A friend (who is also my twelve-step sponsor) sent me the following link: https://www-nytimes-com.cdn.ampproject.org/c/s/www.nytimes.com/2018/12/23/opinion/grace-jesus-christmas-christianity.amp.html.
I am not sure whether or not my sponsor realized how much I’ve been struggling with depression the past few days. Specifically, I’ve been wondering if God’s grace is truly enough for me. I’m probably the only person in the world who wonders that, right?
If you ever struggle with depression at this or any time of year, if you ever feel like an outsider, you need use the link (pasted above) to connect with the article by Peter Wehner.
Who knows? Maybe God is gracious after all. Maybe this link will help to link you to this Gracious God.
Have you ever said or written something, and then wondered what you meant by that? I had that experience just now. I was writing my daily e mail report and affirmation to send them to my sponsor. Here is my affirmation for today:
“Today, by God’s grace, I am balancing doing what I enjoy doing and what I need to do. When I do this by God’s grace, I am discovering that what I enjoy doing and what I need to do are the same thing.”
There are things I need to do—lots of them. They range from cleaning the bathroom, to taking care of the dog, to preparing for a class I’m teaching tomorrow at the university, to helping my wife lead our community group this evening.
And there are things I would enjoy doing. They range from taking a ride on the Little Miami Bike Trail to taking a nap this afternoon. (I will try not to do both of these things at the same time.)
In this context, it was the second sentence of my affirmation that struck me, and that I am trying to understand. Can those two things—what I need to do and what I enjoy doing—really be one?
I think that the short answer is, Yes! However, as with most short answers, this “Yes!” needs to be unpacked.
Can necessity and enjoyment be one? Yes, but the word “can” is crucial here. The unity of “need-to” and “enjoyment of” is possible, but not inevitable. We all know people (and some of us have been those people) who never enjoy anything—even things they enjoy! If that sounds like a contradiction in terms, it is. But we’ve probably all experienced that, either with other people or with our own selves.
In his book The Screwtape Letters, C.S. Lewis has one of his characters (who is in hell) say, “I now see that I spent most of my life in doing neither what I ought nor what I liked.” I do believe that there is hell.
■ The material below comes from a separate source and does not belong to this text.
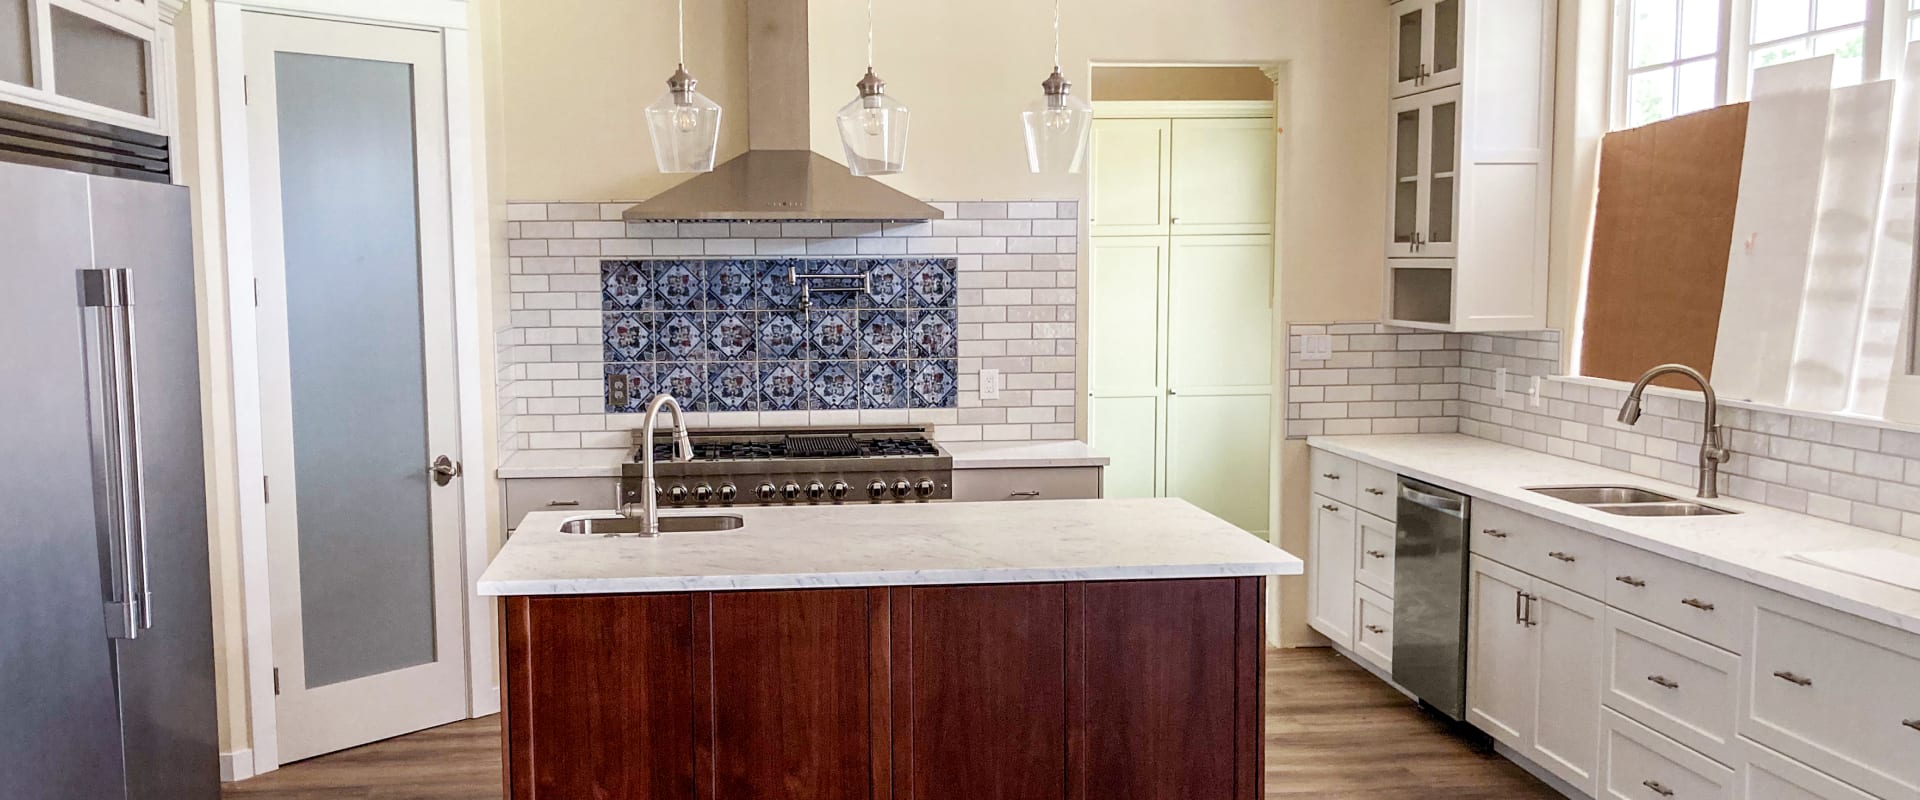 A Custom design kitchen design and remodel by Fidelis Woodworks

I don’t know if people are that honest and aware in hell. But sometimes, I do suspect that some of us occasionally visit the suburbs of hell. Any time when we don’t do what we need to do or what we enjoy doing, we are probably flirting with hell. And rest assured that hell will always flirt back.
And perhaps, on the other side of the equation, one aspect of Heaven is that those who are there have discovered a way to make necessity and enjoyment one. Perhaps the last stanza of Robert Frost’s poem, “Two Tamps in Mud Time” strikes the right balance, which is Unity. Frost pictures a man (himself?) splitting wood when two unemployed lumberjacks walk by. One of them stands to watch, and the man splitting wood knows only too well that the lumberjack is silently asking for work to make some money. And the necessity of one man trumps the enjoyment of another man.
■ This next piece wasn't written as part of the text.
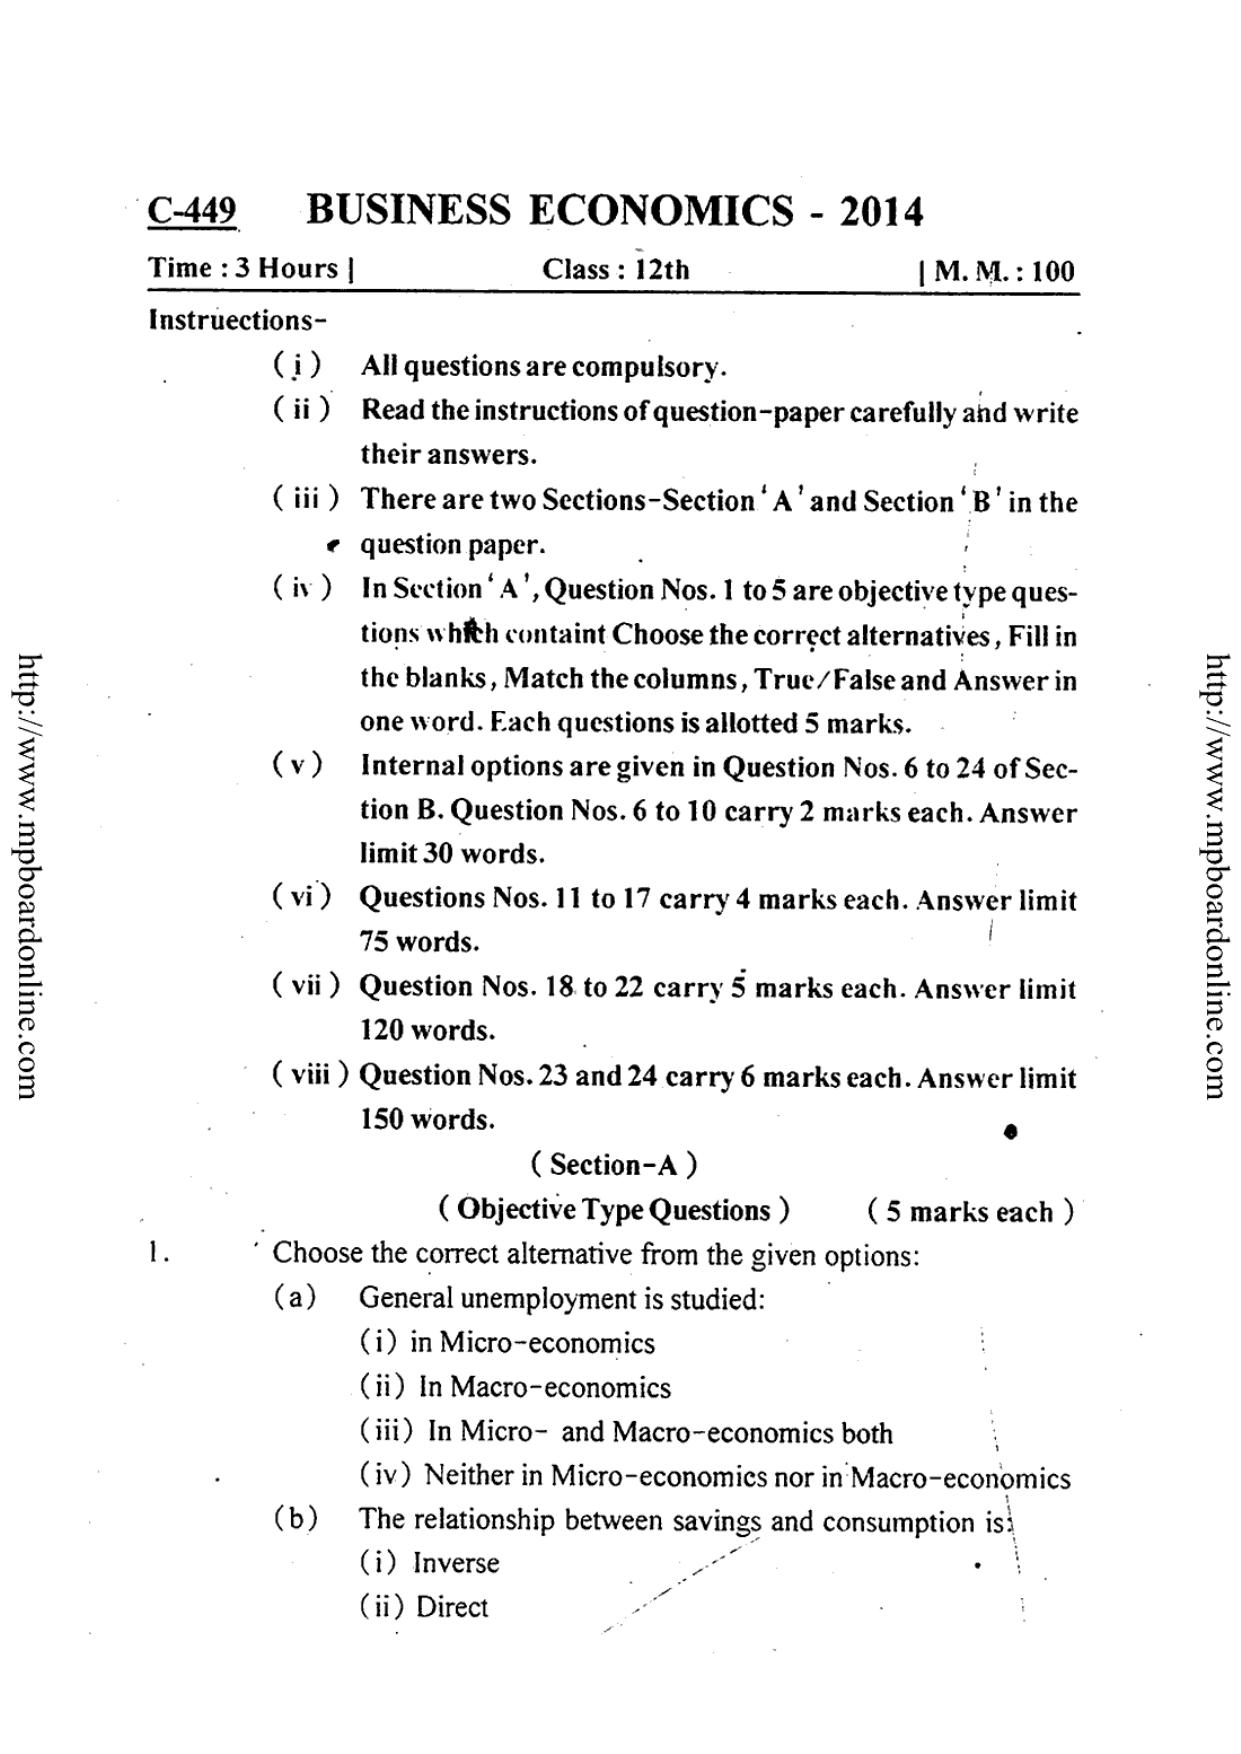 MP Board Class 12 Business Economics 2014 Question Paper - Page 1

But Frost ends with the following observation:
“But yield who will to their separation,
My object in living is to unite
My avocation and my vocation
As my two eyes make one in sight.
Only where love and need are one,
And the work is play for mortal stakes,
Is the deed ever really done
For Heaven and the future’s sakes.”
So, today, by God’s grace—and only by God’s grace can I do this—I will balance and unify what I need to do and what I enjoy doing. Writing this blog post is a first step.